> Input data
+===+

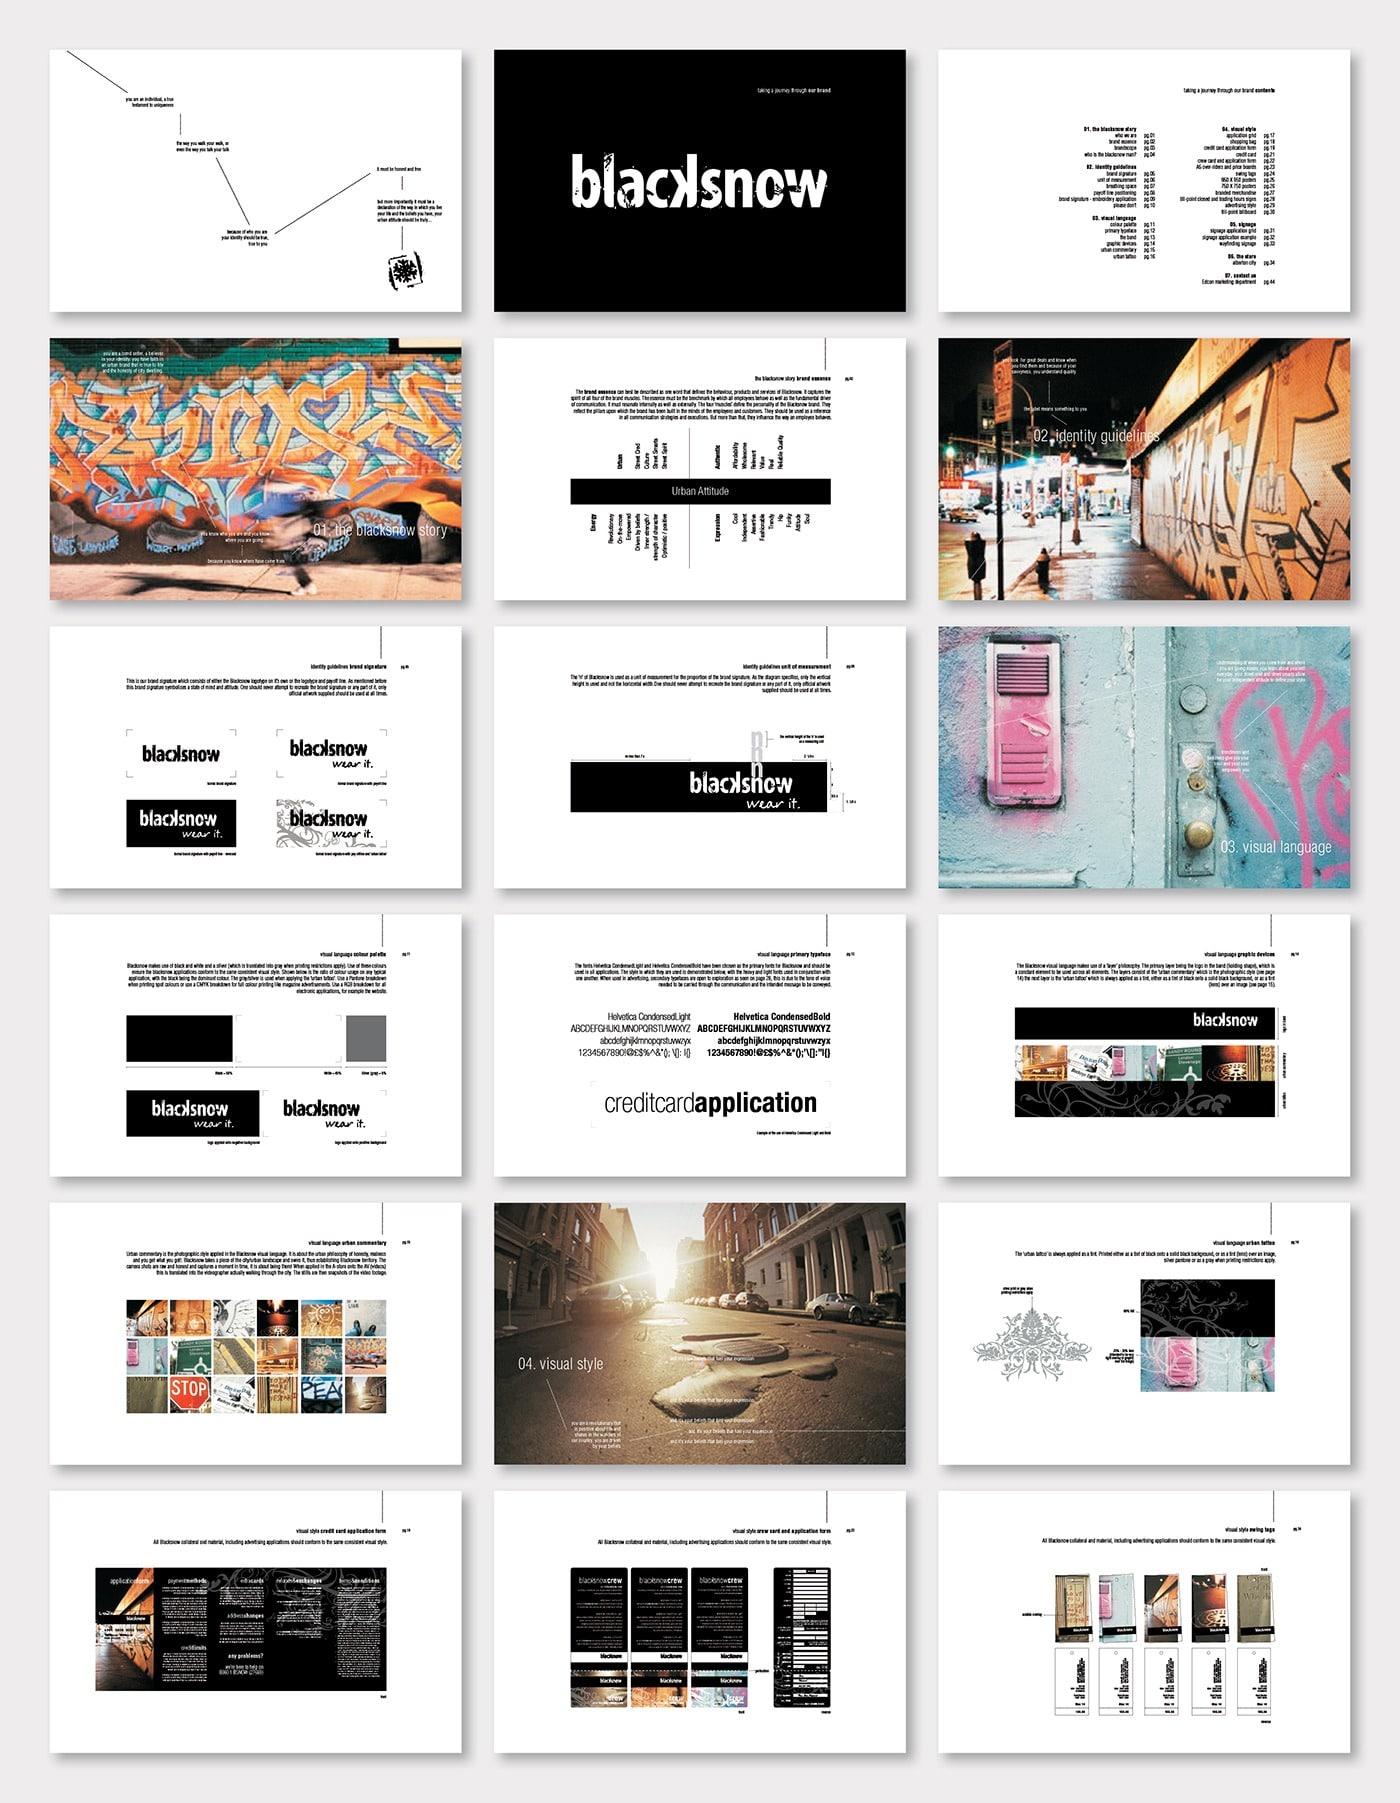 Ci manual ci manual book design array mrs smith ci manuals rh mrssmith fandeluxe Images
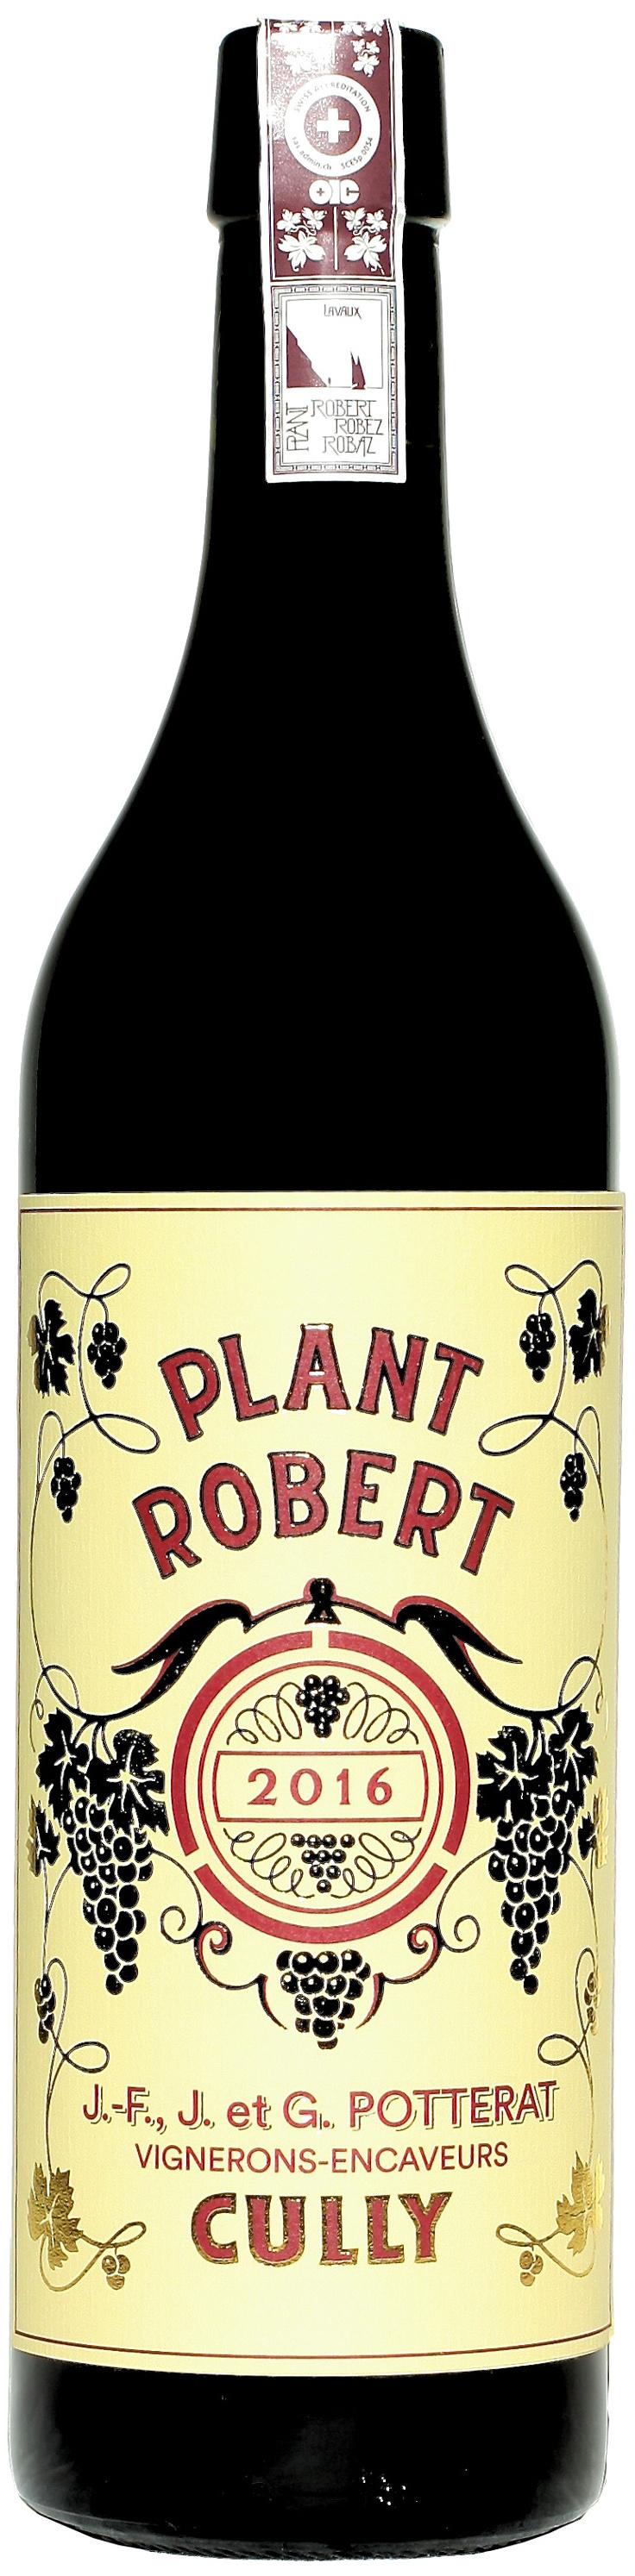 Plant Robert - J.-F., J. et G. Potterat
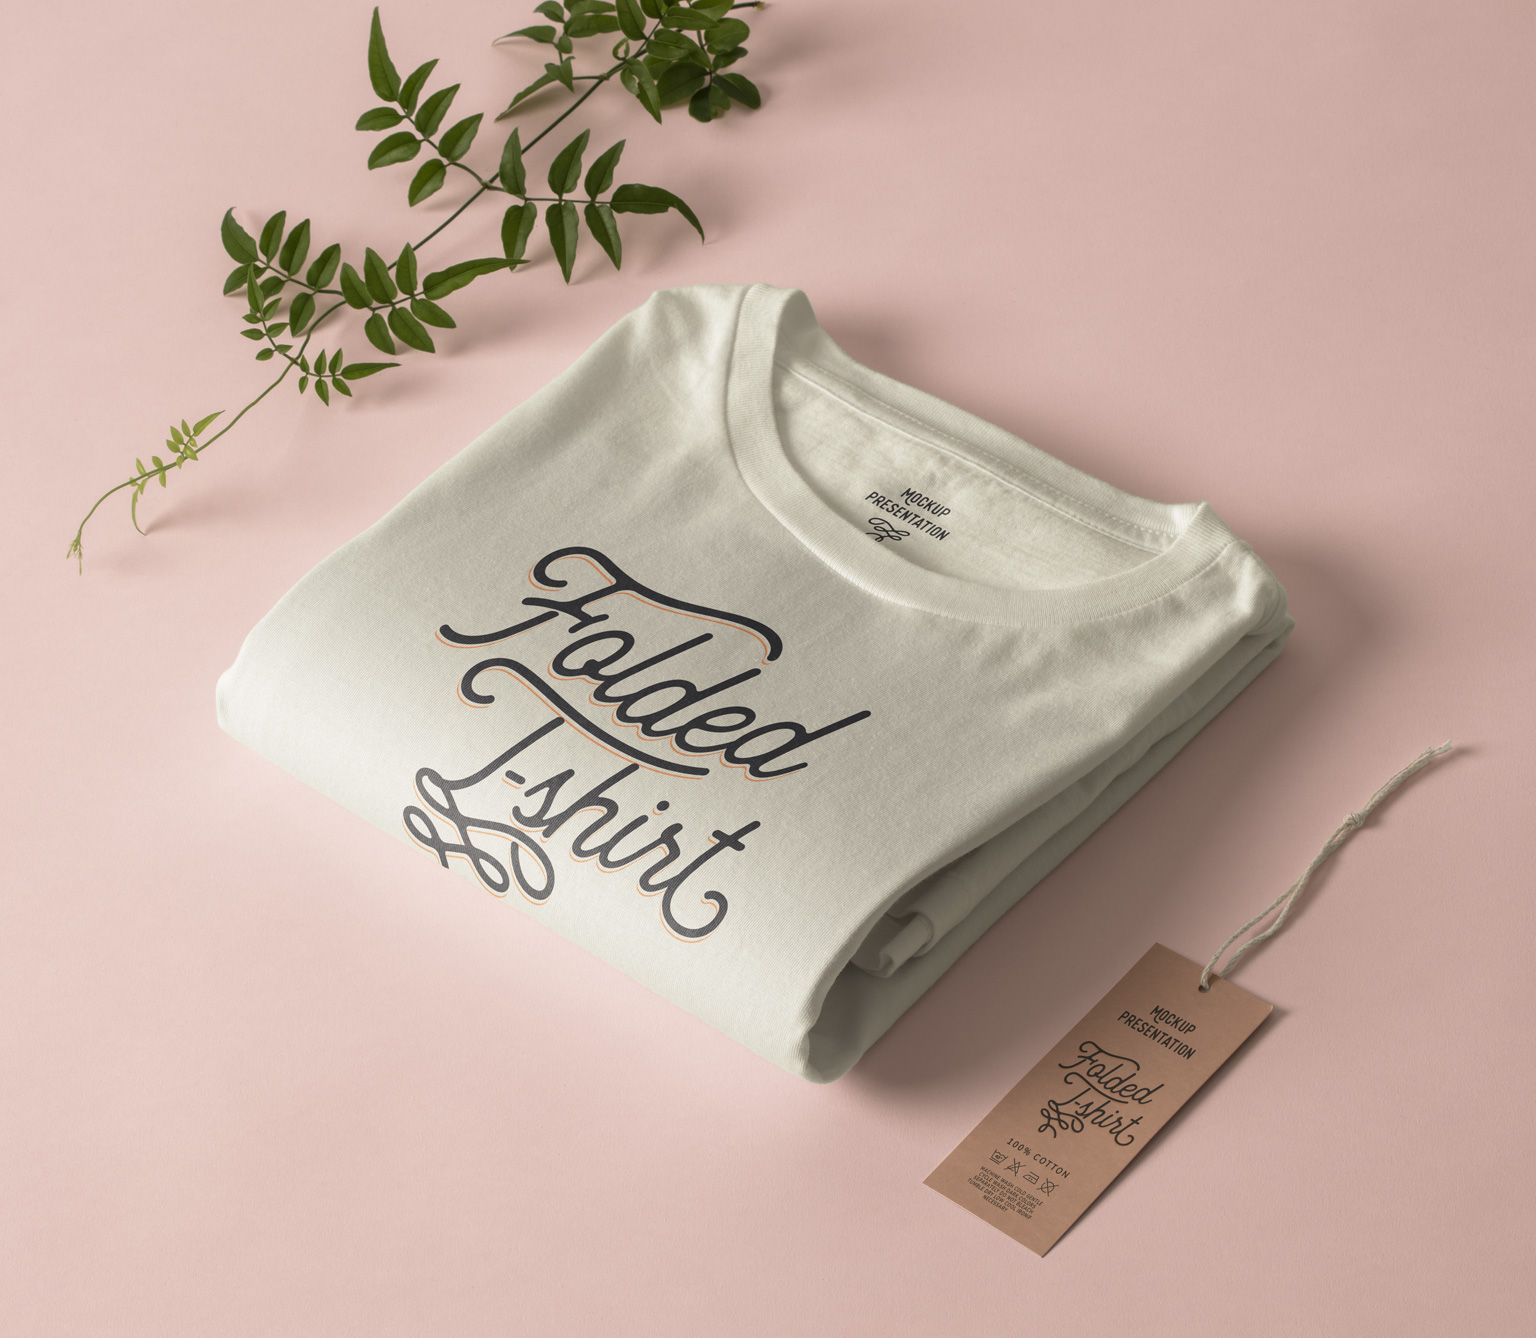 Download Folded Psd T Shirt Mockup Template Psd Mock Up Templates Pixeden Tshirt Mockup Shirt Mockup Shirt Folding
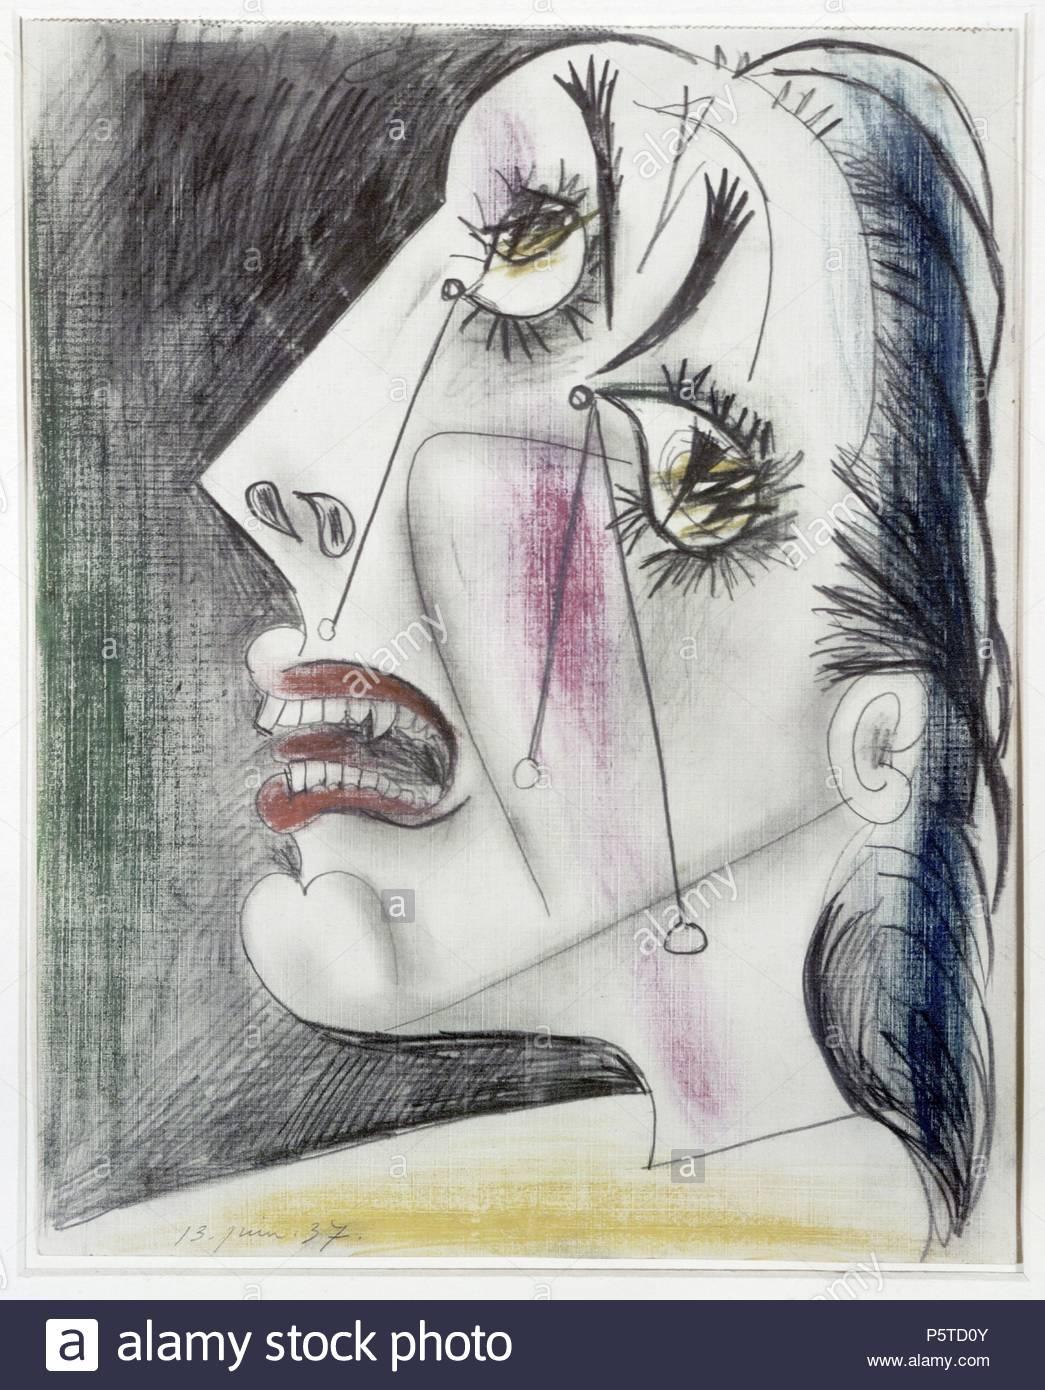 Pablo Picasso / 'Woman Crying (Study for Guernica)', 1937, Pencil on paper, 29 x 23 cm. Artwork also known as: Mujer llorando (estudo para Guernica). Museum: Museo Nacional Centro de Arte Reina Sofía (MNCARS). - Stock Image

+===+

> What is needed
Your task is to restate word for word the lines from the one containing "Plant Robert - J.-F., J. et G. Potterat" through the last line of the data, both ends included, with no pictures.

> Result of the exercise
 Plant Robert - J.-F., J. et G. Potterat
 Download Folded Psd T Shirt Mockup Template Psd Mock Up Templates Pixeden Tshirt Mockup Shirt Mockup Shirt Folding
 Pablo Picasso / 'Woman Crying (Study for Guernica)', 1937, Pencil on paper, 29 x 23 cm. Artwork also known as: Mujer llorando (estudo para Guernica). Museum: Museo Nacional Centro de Arte Reina Sofía (MNCARS). - Stock Image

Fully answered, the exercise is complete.